**Data provided:**
---*---
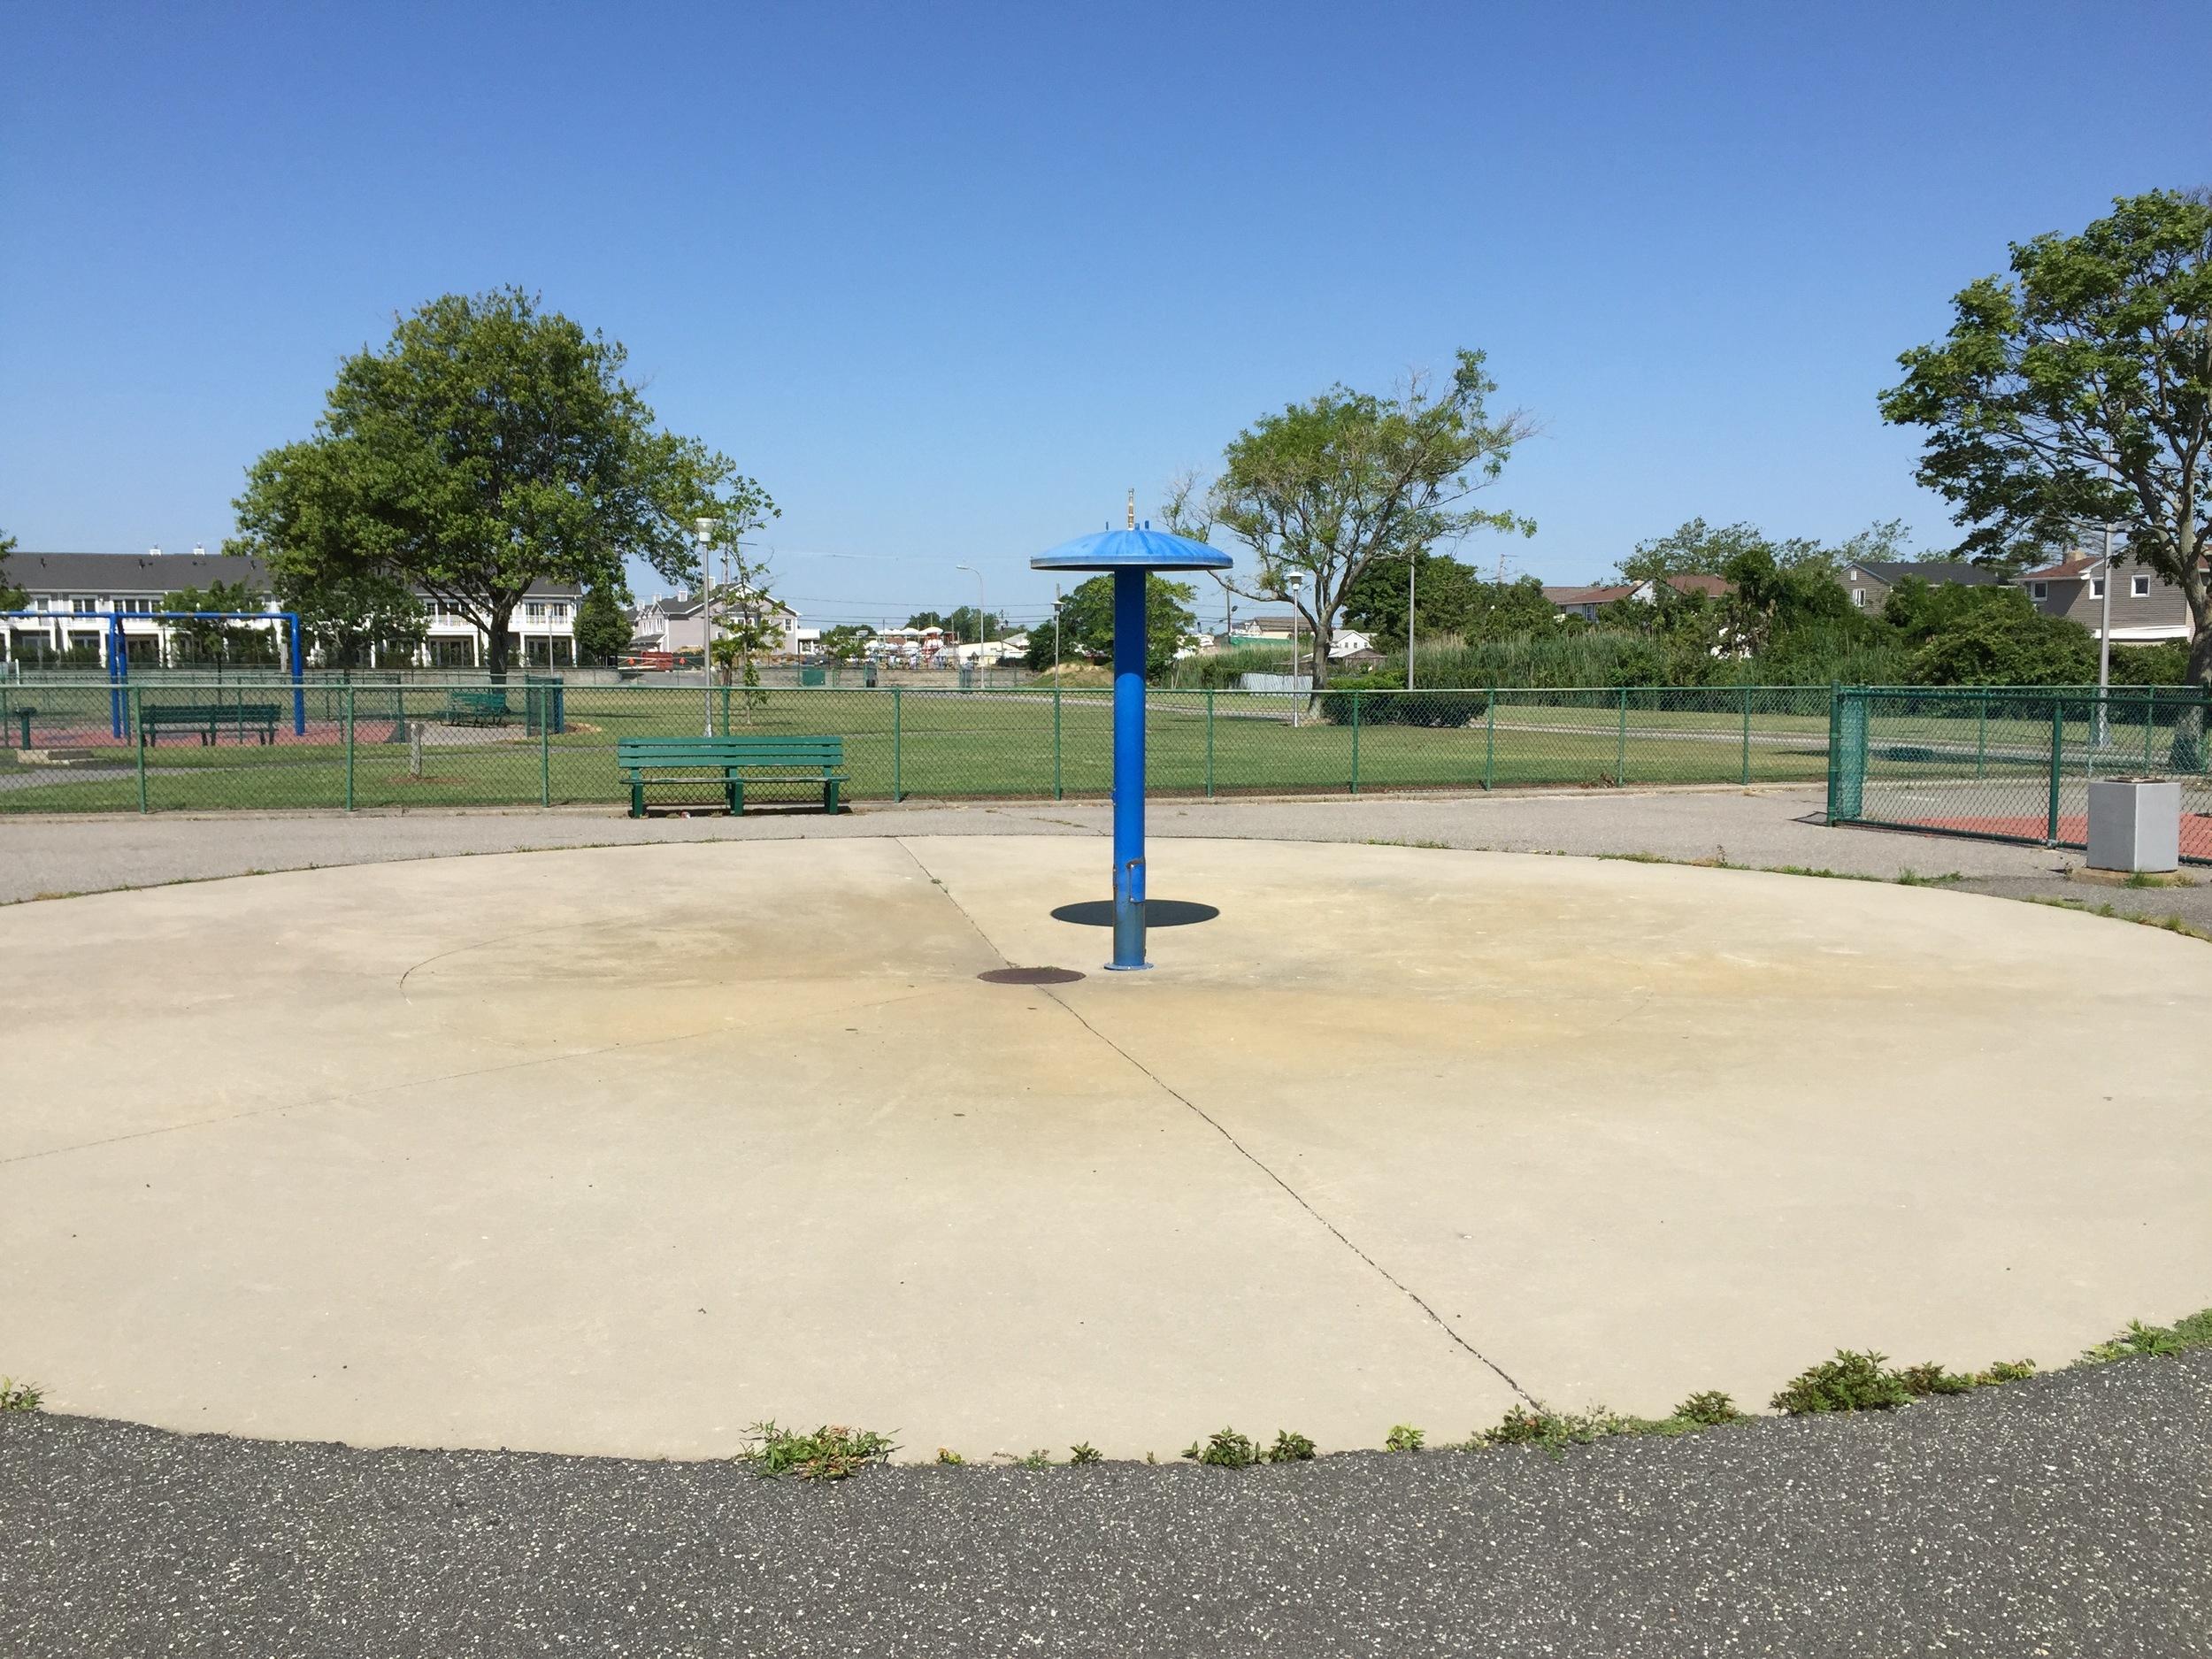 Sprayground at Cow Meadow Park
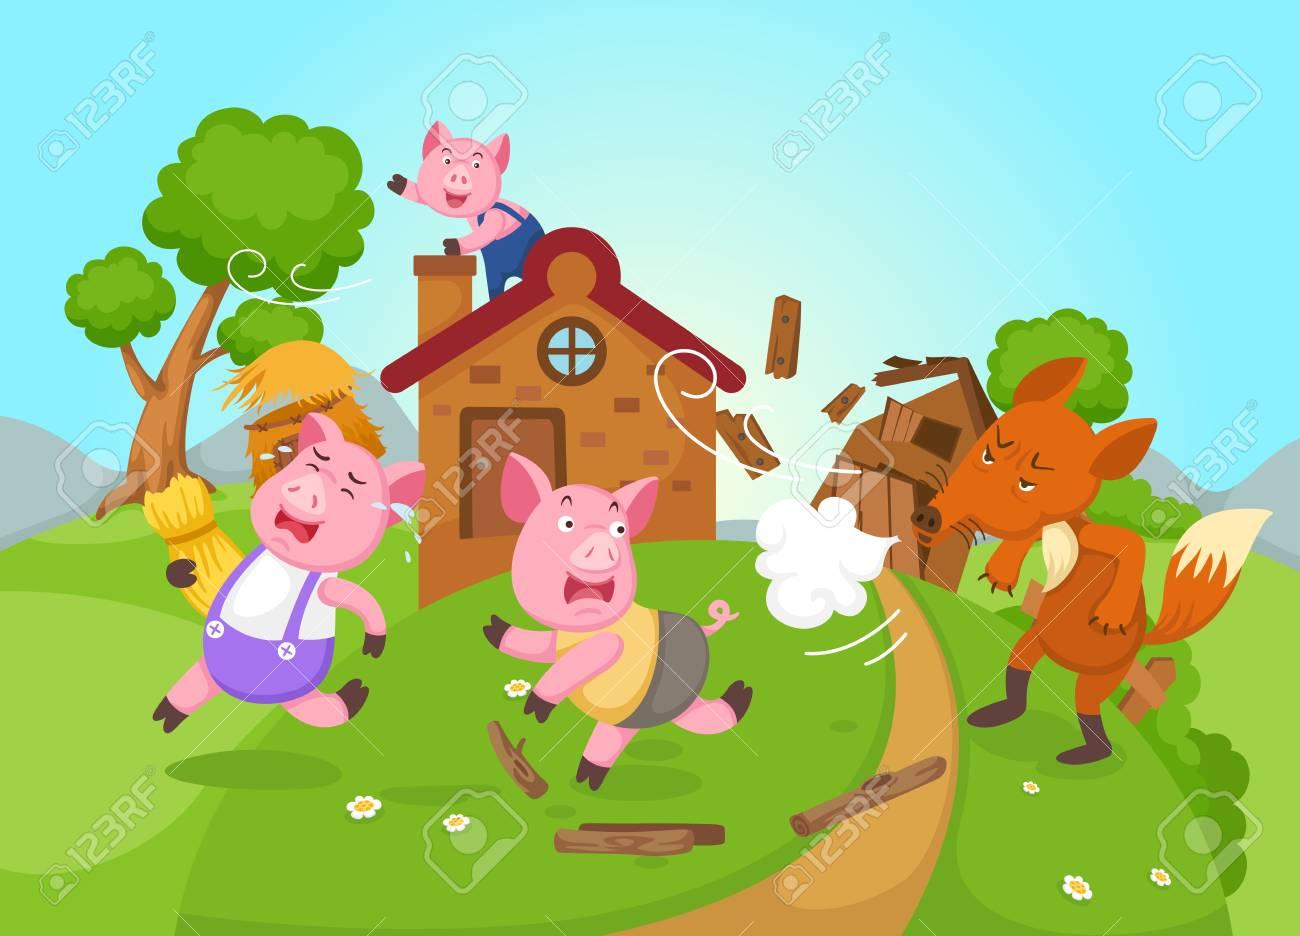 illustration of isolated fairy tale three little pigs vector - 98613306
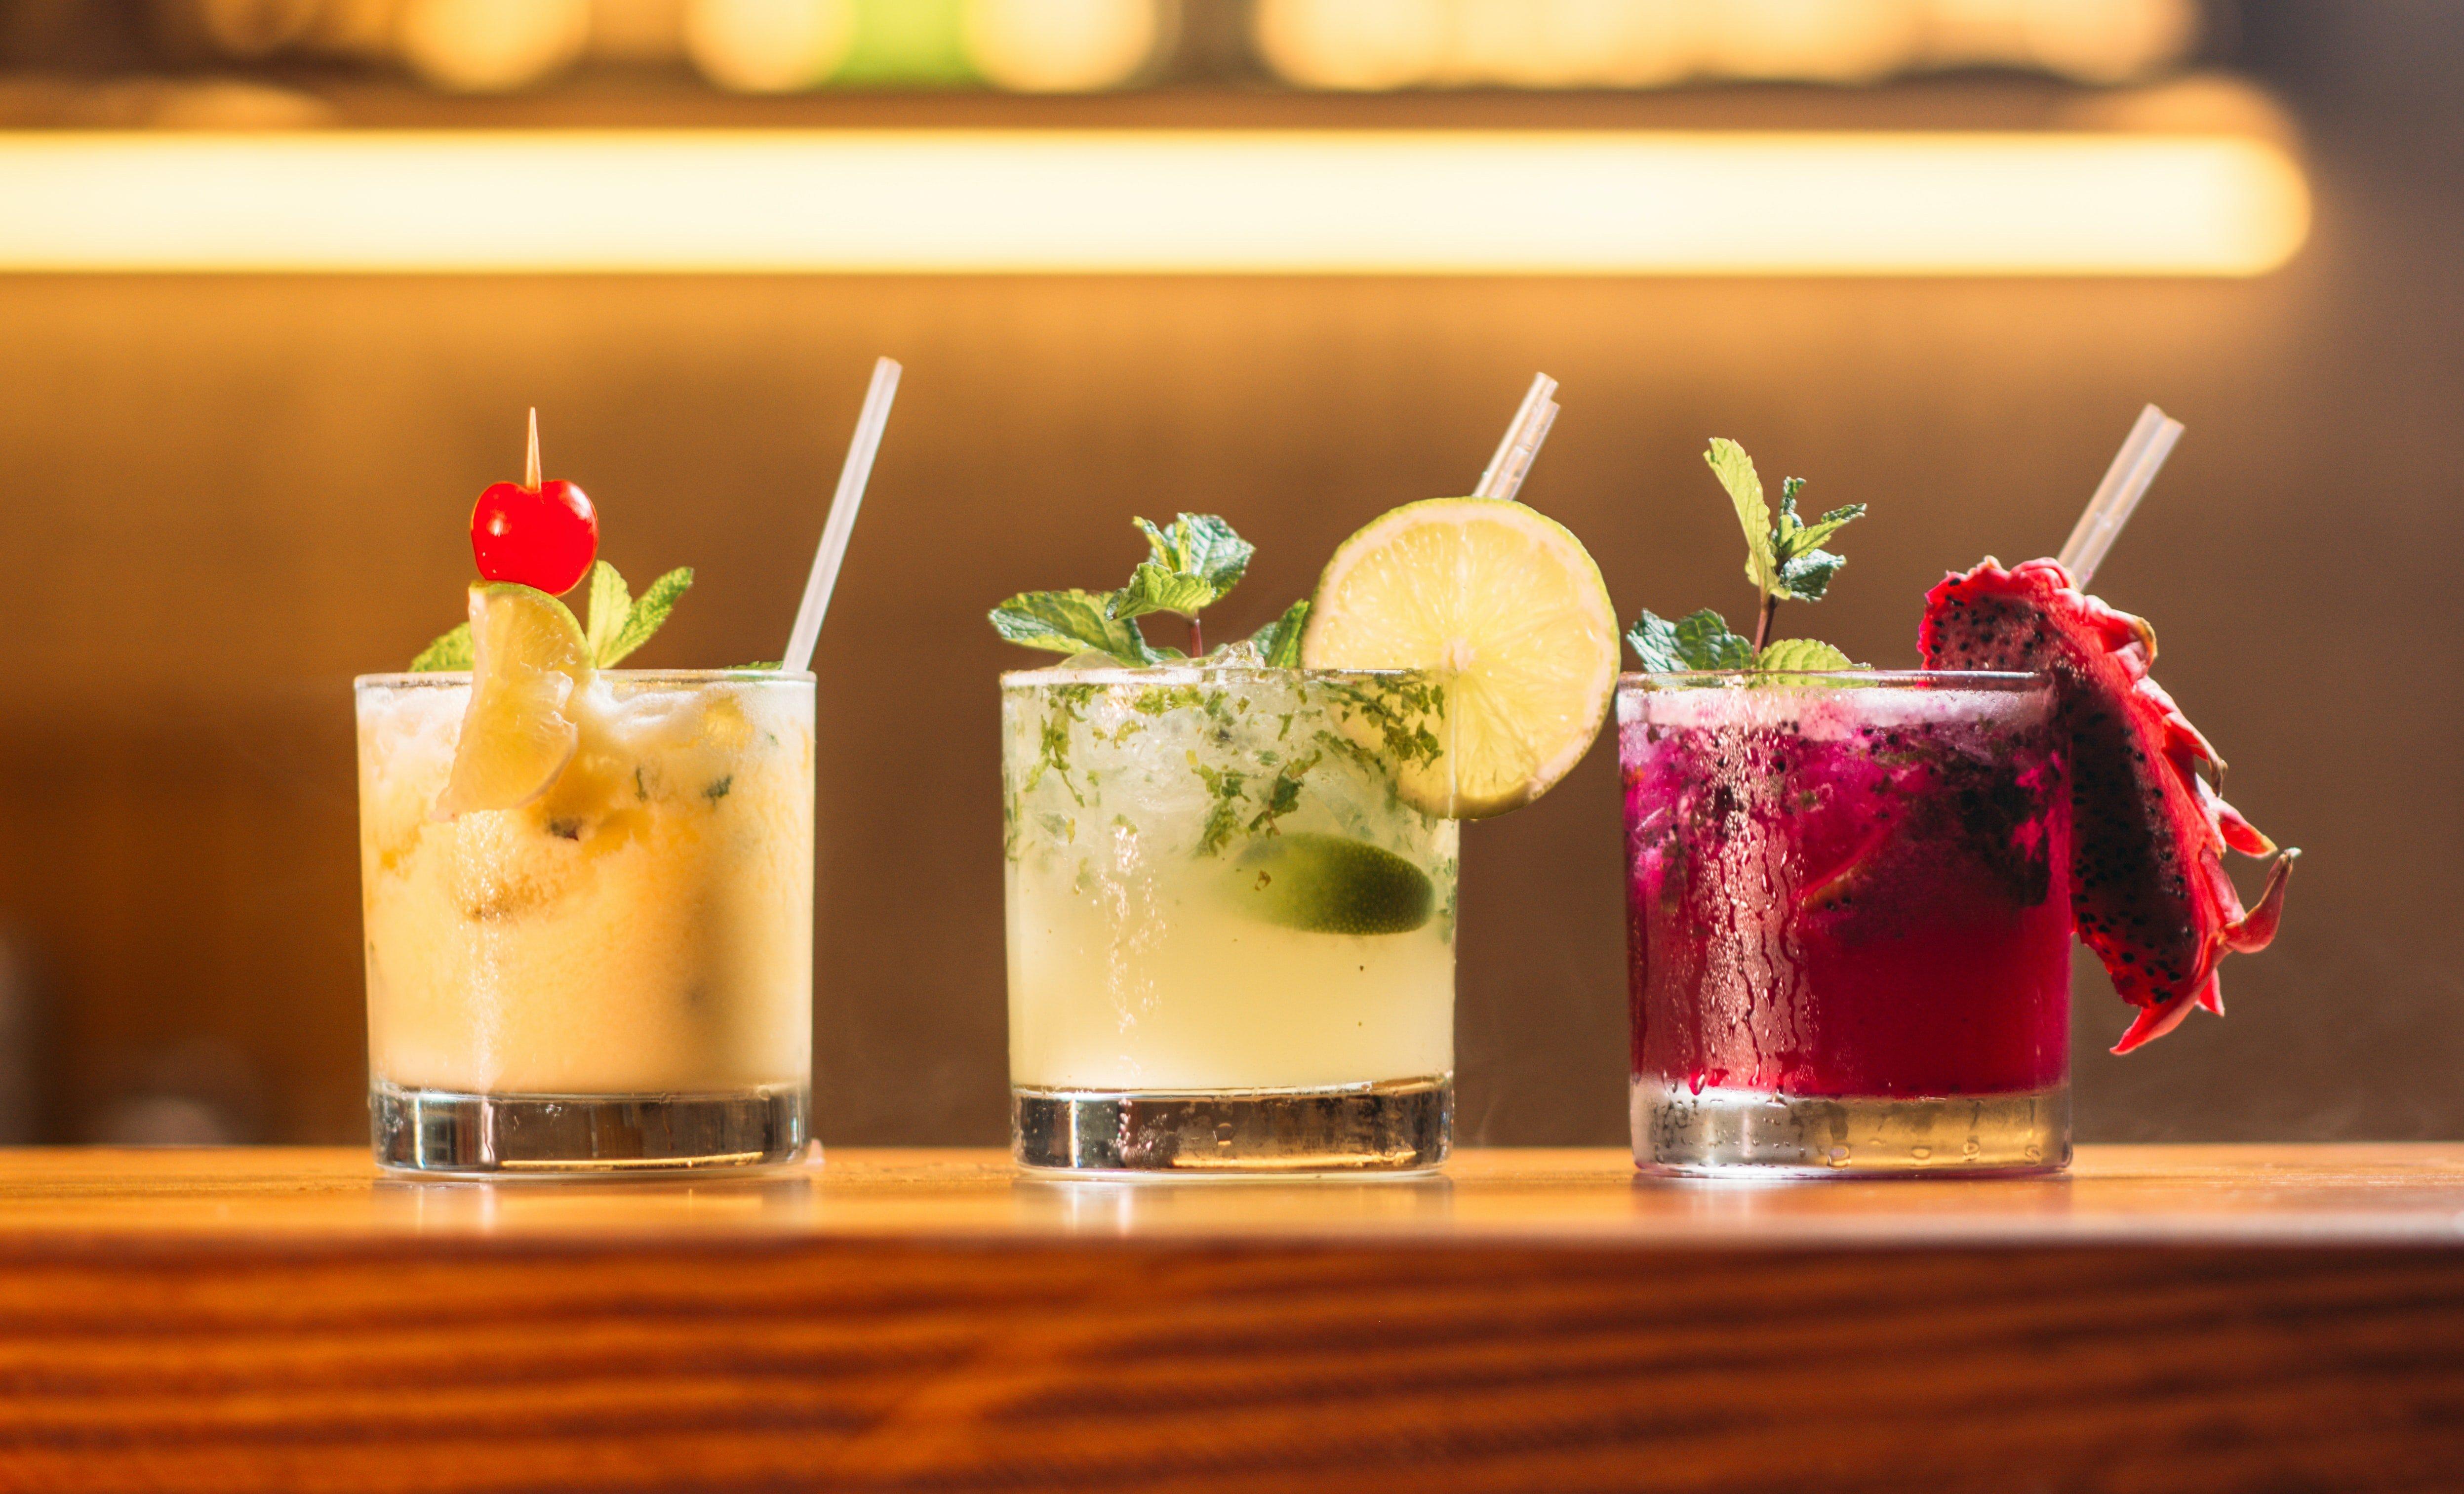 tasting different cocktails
---*---
Output each line exactly as shown above; no pictures go in the copy.

**Task result:**
 Sprayground at Cow Meadow Park
 illustration of isolated fairy tale three little pigs vector - 98613306
 tasting different cocktails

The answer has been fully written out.